RE: Easy haul out NE Dory

   We use Sietech Dollys. Although there are competing ones that are as good. For yachts larger than lasers and sunfish, the double tongue versions work the best.

I have also built dollies out of wood, not that hard. triangle of 2x4s with substantial plywood corner pieces. base 2x4 is the axel - drill and epoxy short metal rod axels into the ends of that 2x4 for the wheels. verticle 2x4 in front, again with substantial plywood gussets and heavy dowel for a handle. then make the appropriate bunkers for your yacht. paint and use untill it falls apart, then make a better one!

I have always found dolly solutions that stick into the CD trunk to be awkward for getting the boat on and off.

RE: Easy haul out NE Dory

   Thank you all for your suggestions.

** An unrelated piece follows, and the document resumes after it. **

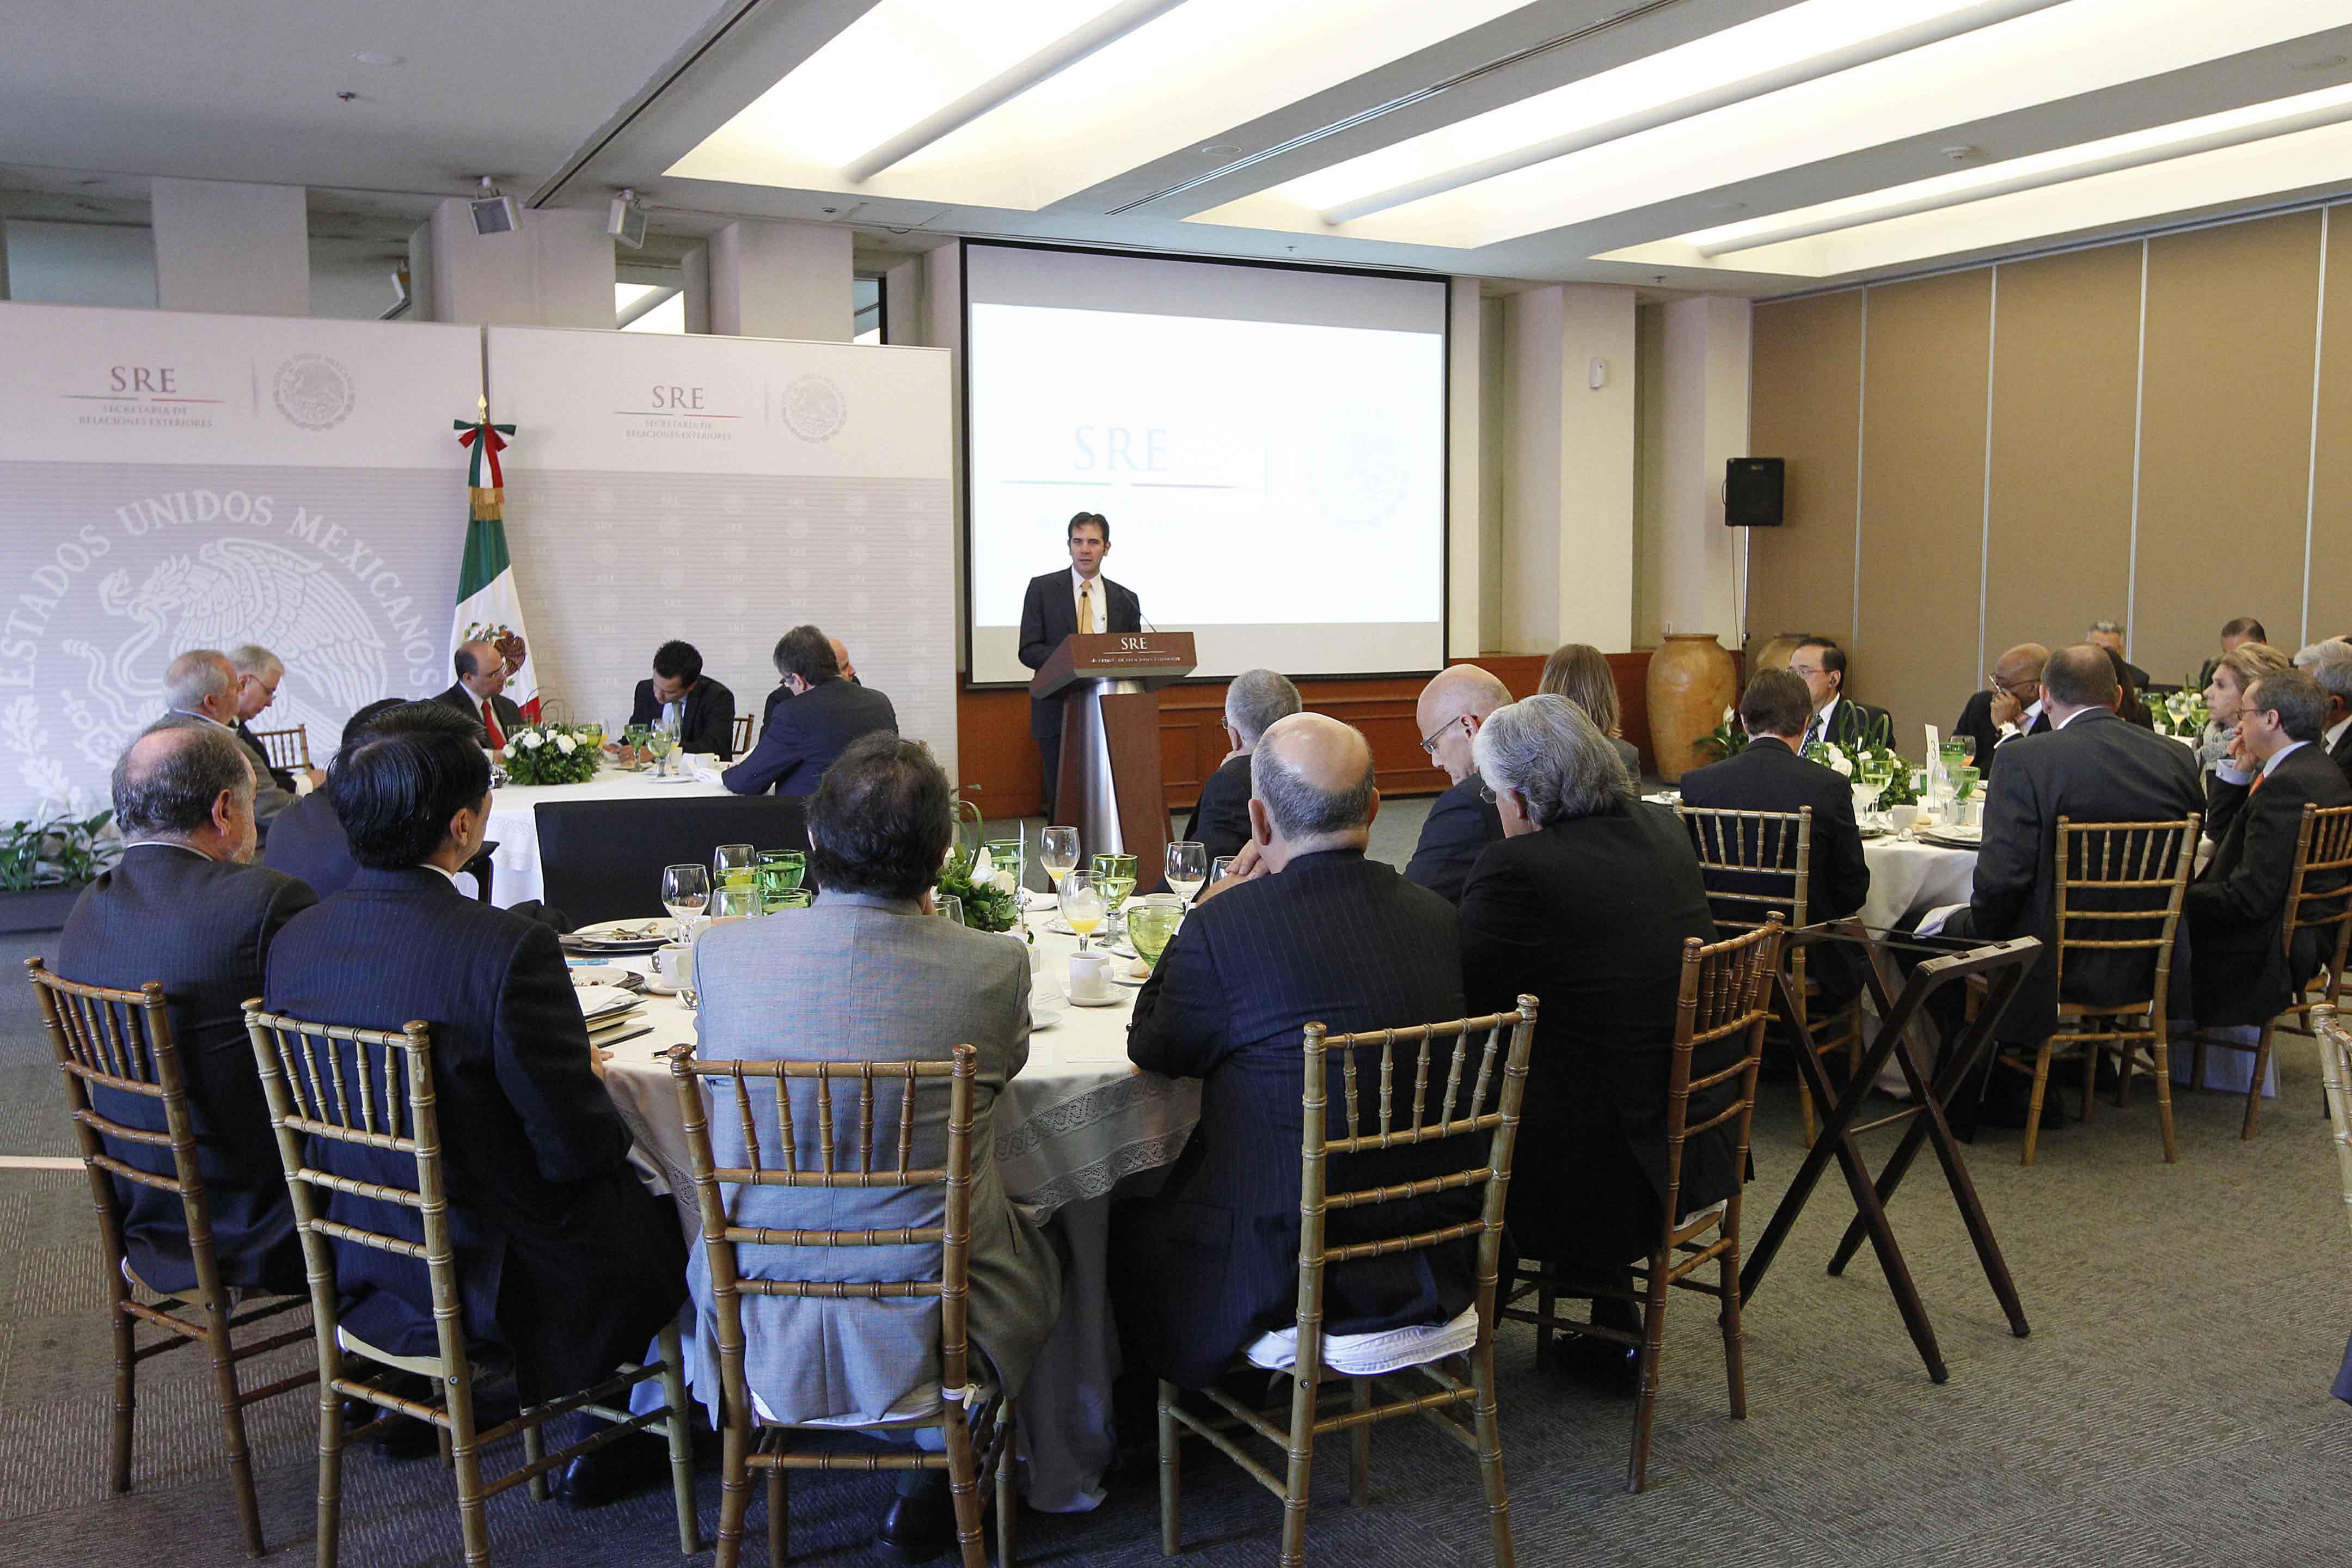 FOTO 2 Consejero presidente del INE  Lorenzo C rdova  se reuni  con el cuerpo diplom ticojpg
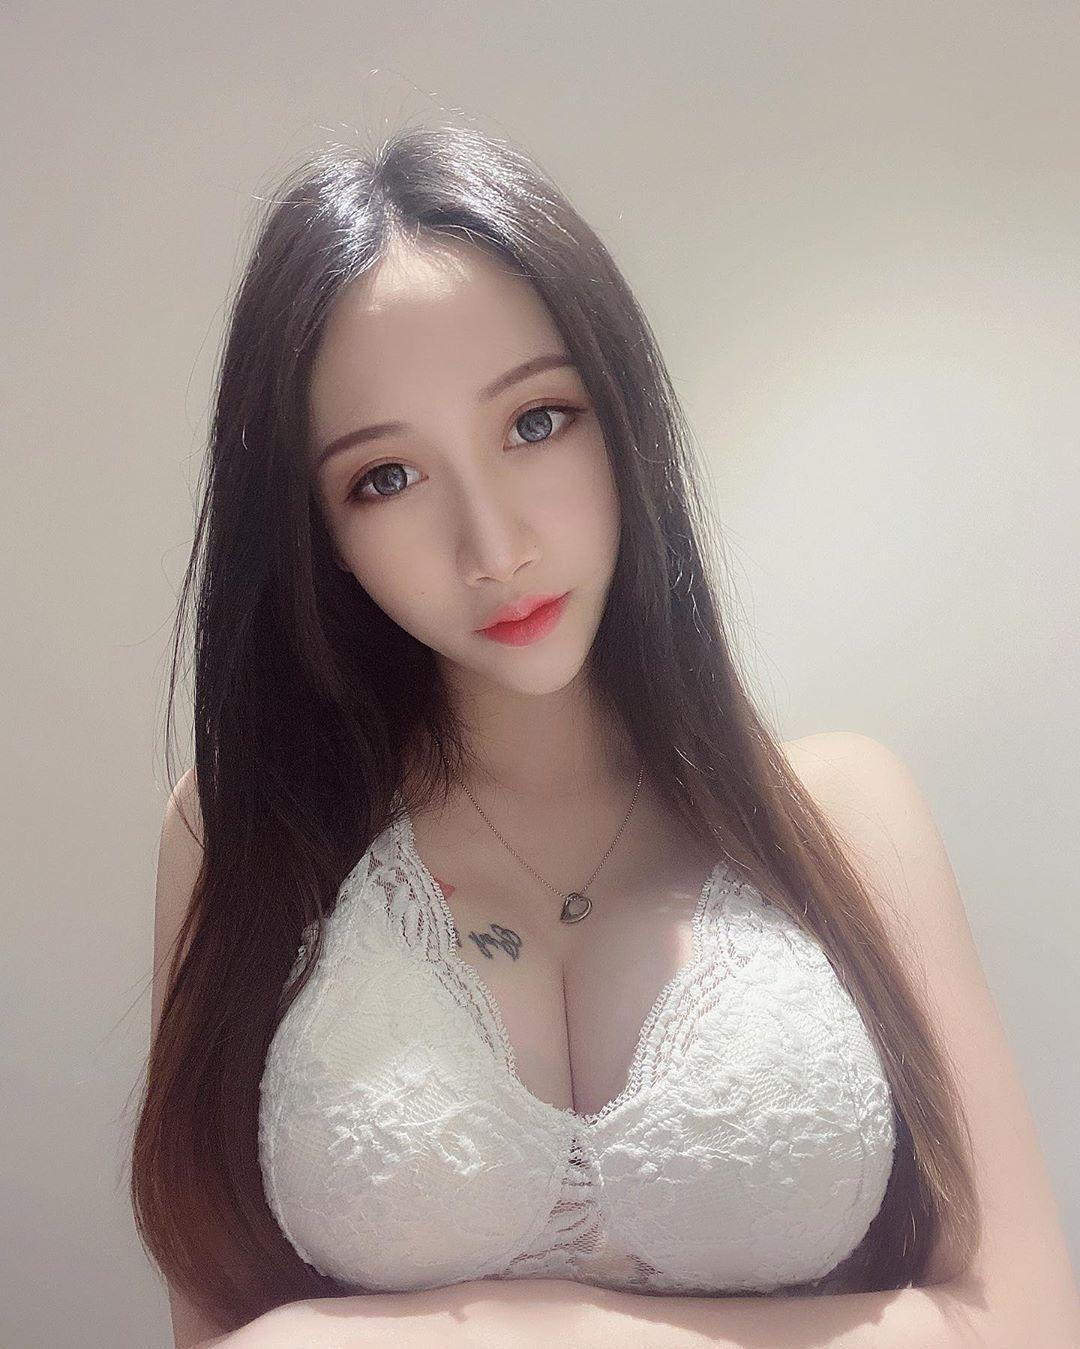 大胸妹子圆圆更衣室内白色蕾丝睡衣狂摆性感嫩体 养眼图片 第6张

I think to start with I'll fry those long yellow rollers. The standard short fenders would seem to be less forgiving of less than perfect straight line hauling. I do have a small Seitech dolly which works fine for a smaller boat such as my 7'7" Nutshell. But a weighter, longer boat would bog it down in the mud part of the equation.

RE: Easy haul out NE Dory

Here is the youtube for the Watertribe moving boats into the water with the rollers you describe. Go to minute 6:53 on the bar. As you can see they move some relatively big boats. But then again there is a lot of people power at the begining of the challenge. Things always seem heavier at the end of a paddle, row, sail, etc.